The Dot-Com Governance Model

Every great business has a despot at the top of the org chart. This could be the founding entrepreneur, the rainmaker who becomes his business' image, or a great CEO. Yet, there's an inherent conflict between the way a good businessperson looks at the world, and the way the Internet must be governed, which is by consensus. Politicians see the Internet as a collection of businesses, not a vast collective that must be brought to consensus.

Yesterday I mentioned the idea that consensus rules the Net. It’s not enough to get a majority behind a law because unless the vast majority accepts the idea behind the law (as well as the law itself), you can’t enforce it.

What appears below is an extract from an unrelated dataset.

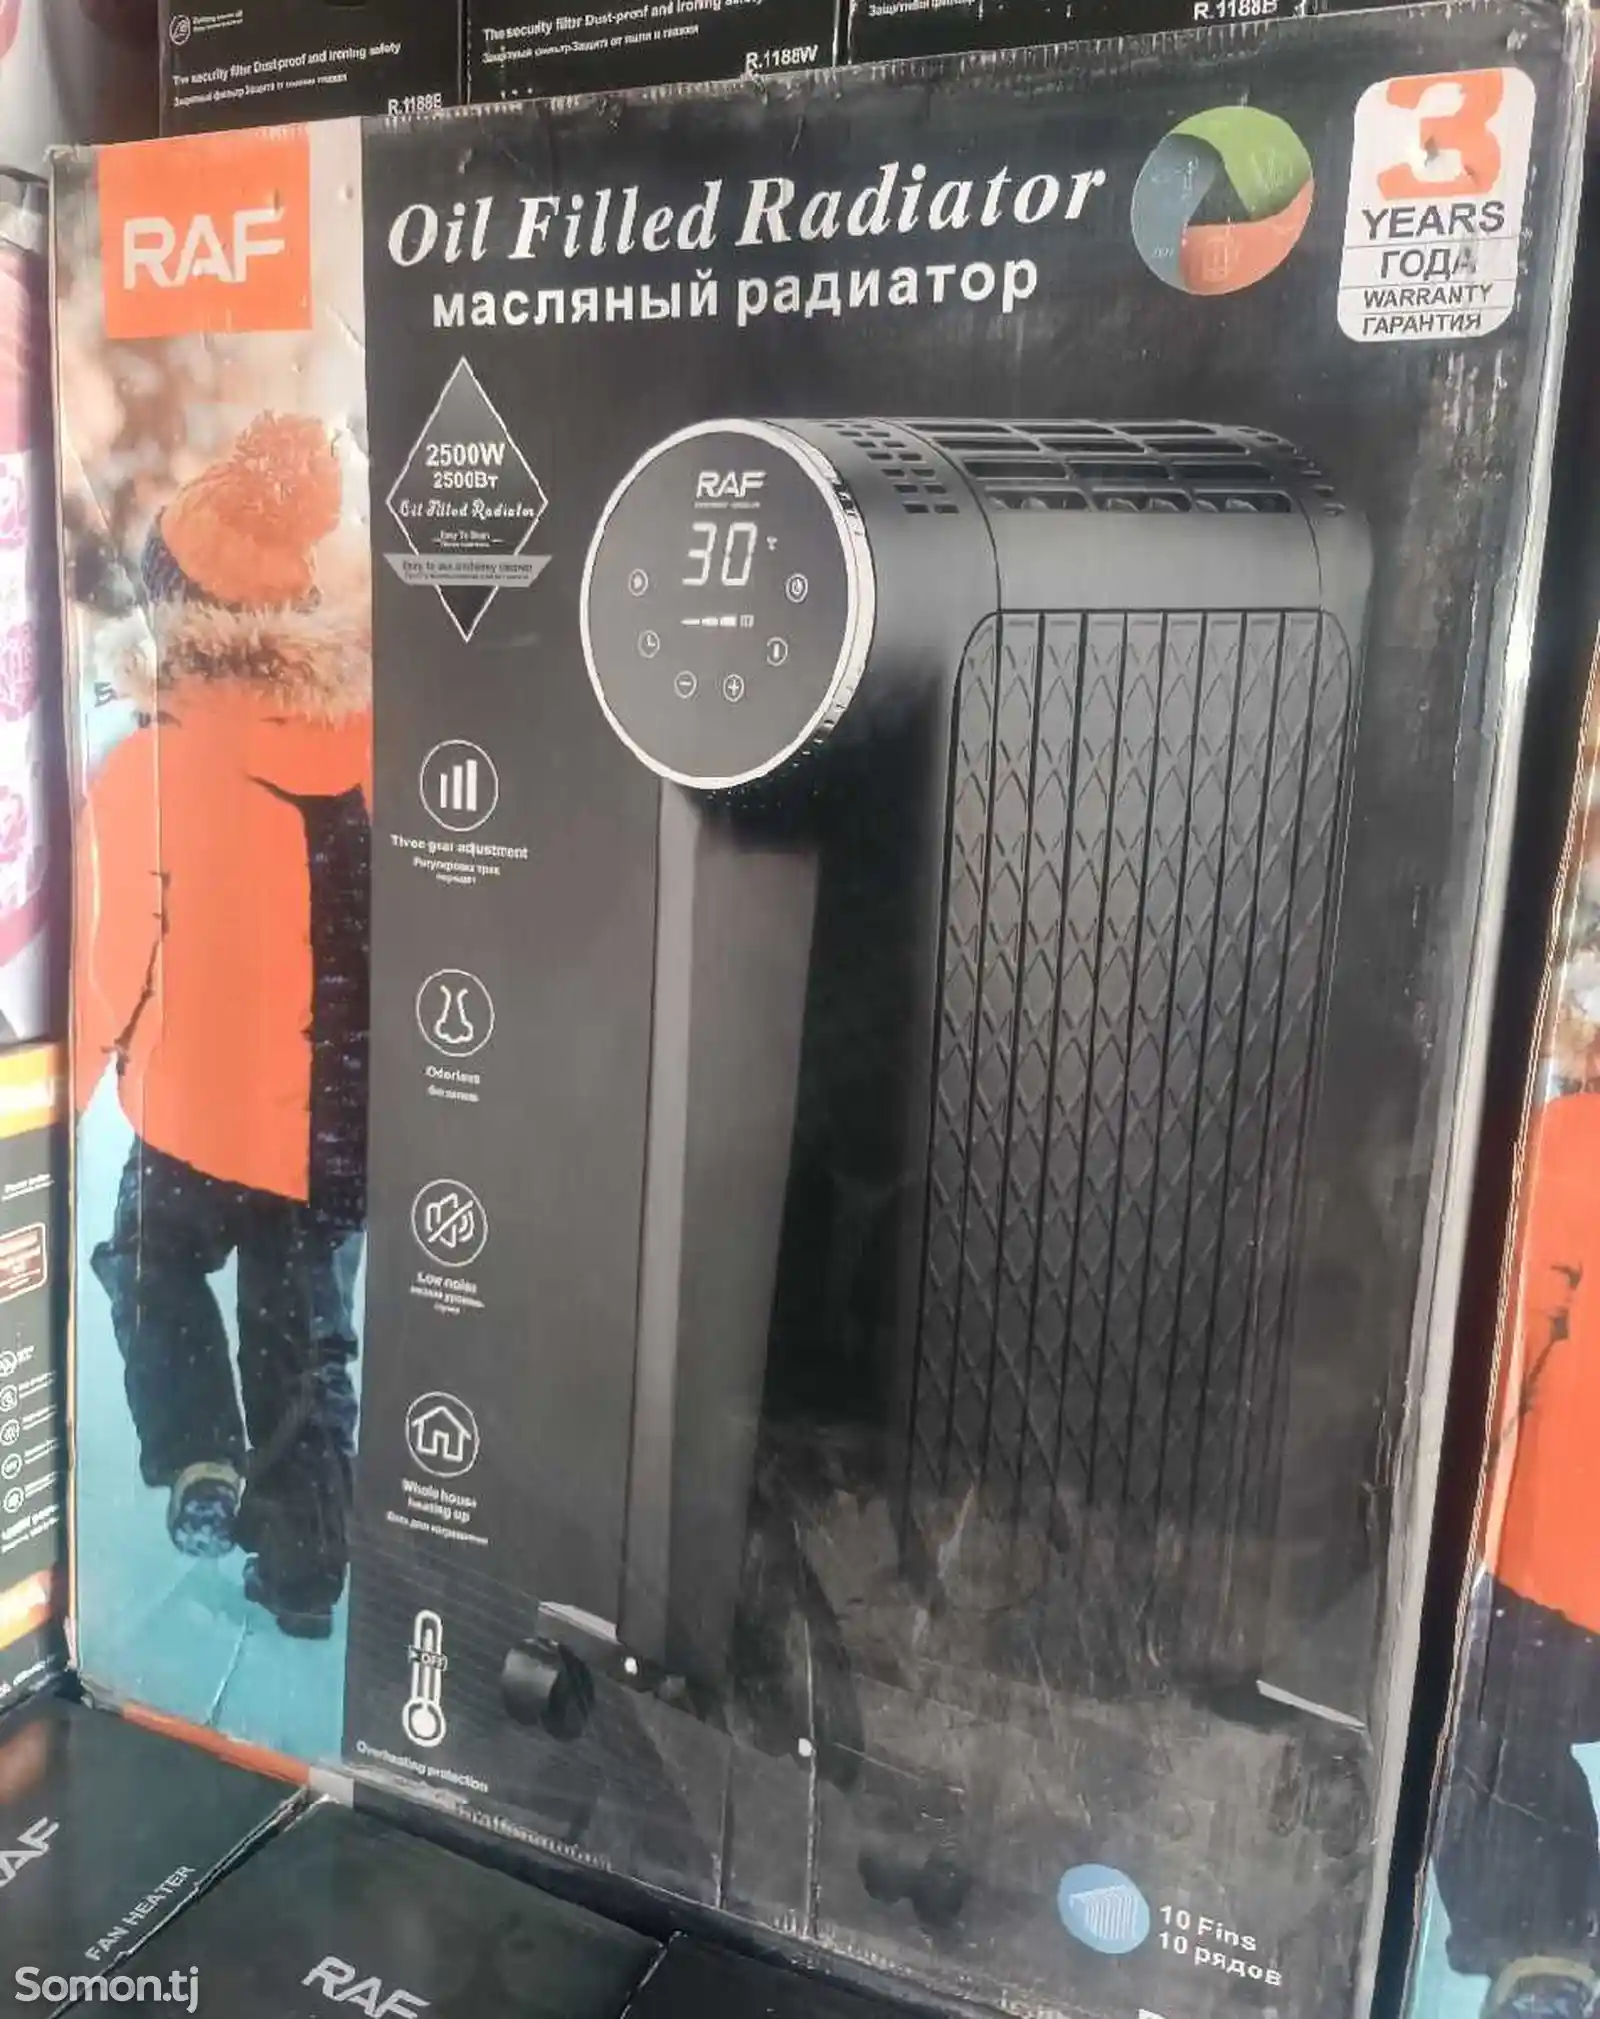 Радиатор RAF10

There’s something very much like a marketplace in this. To have transparency and liquidity, everything within the market must be visible, and no one should be immune from the market’s reverses. When you trade a share on the NYSE or NASDAQ, you are assured that everything material to your purchase is public knowledge (that’s transparency), and there will be a ready supply of sellers or buyers (that’s liquidity).

But there’s another style of governance brought to the Internet by all good dot-coms: the controlled dictatorship.

If I’ve learned one great truth in covering business for 22 years, it’s that every great business has a despot at the top of the org chart. This could be the founding entrepreneur, the rainmaker who becomes his business’ image, or a great CEO.

Government by committee just doesn’t work in business. Someone has to be in charge. And that person must have an extraordinary feel for the market, as well as a willingness to act on that feel in order to succeed.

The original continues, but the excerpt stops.